Clinical reasoning in nursing/midwifery education and nursing practice

We aim to gain insight in nursing/midwife students and registered nurses/midwifes understanding of clinical reasoning across various EU countries. We will describe the various teaching models for nursing/midwife students across EU countries and exchange good practices. University colleges are committed to the education of nurses/midwifes who are being adequately prepared to work in complex and challenging clinical environments (Levett-Jones et al., 2010).
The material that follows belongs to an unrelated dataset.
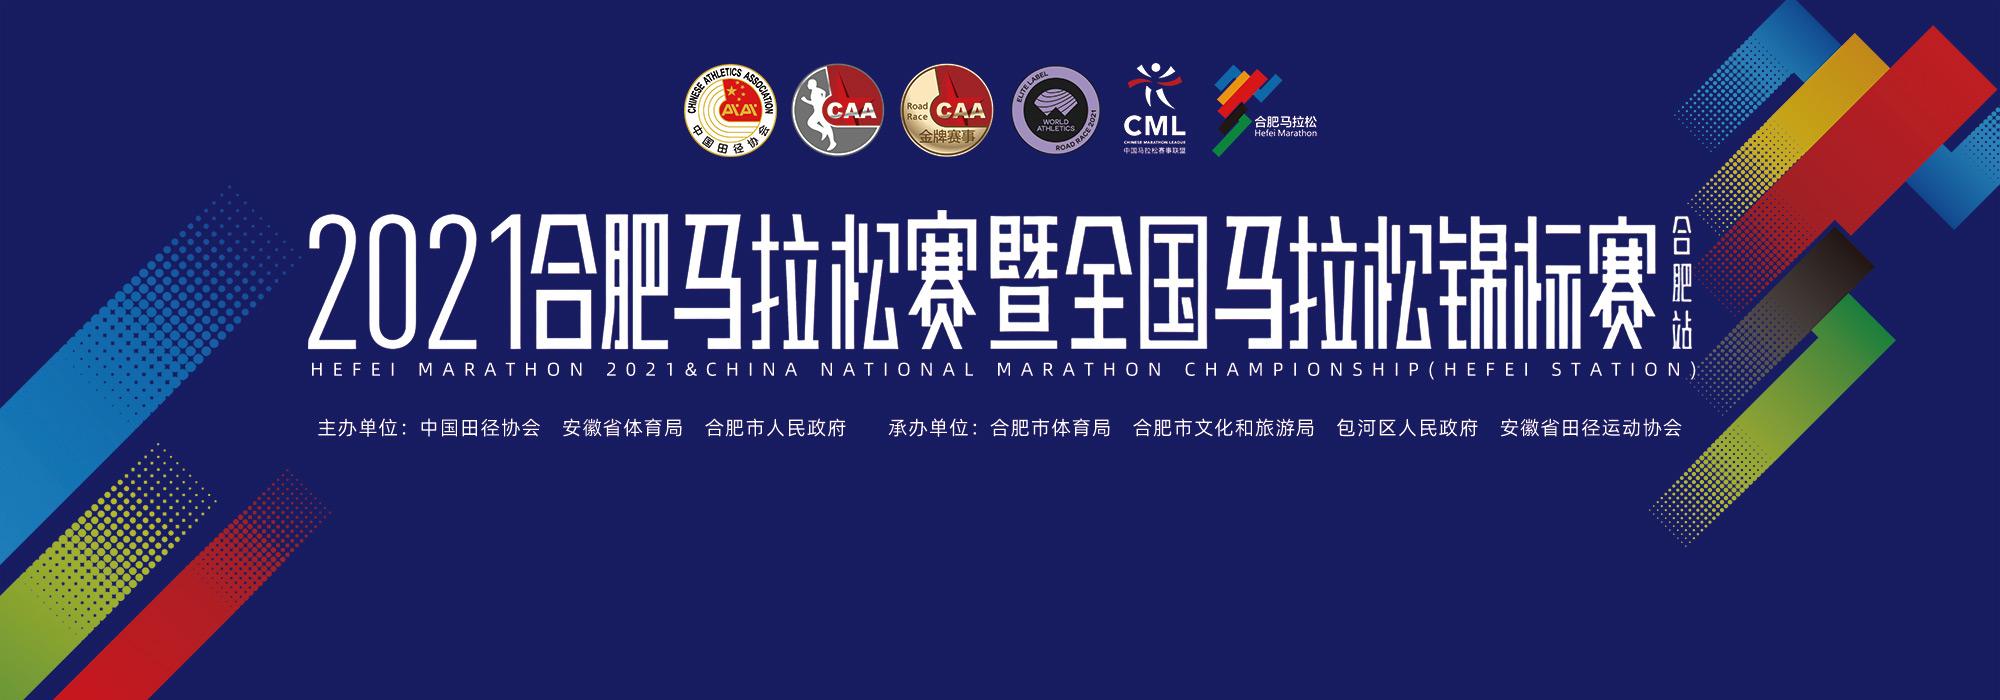 徽商银行2021合肥马拉松赛暨全国马拉松锦标赛(合肥站)竞赛<a  data-cke-saved-href=http://www.51guanfang.com/zhinan/ href=http://www.51guanfang.com/zhinan/ target=_blank class=infotextkey>规程</a>

Nursing/midwifery education increasingly invests in teaching students effective clinical reasoning skills. The importance of teaching clinical reasoning are multidimensional but include the difficulties beginning nurses encounter when differentiating between a clinical problem that needs immediate attention and one that is less acute (del Bueno, 1994); and a tendency to make errors in time sensitive situations where there is a large amount of complex data to process (O‟Neill, 1994). Despite the importance of developing and subsequently measuring clinical reasoning skills, little is known about the reasoning skills of nurses/midwifes.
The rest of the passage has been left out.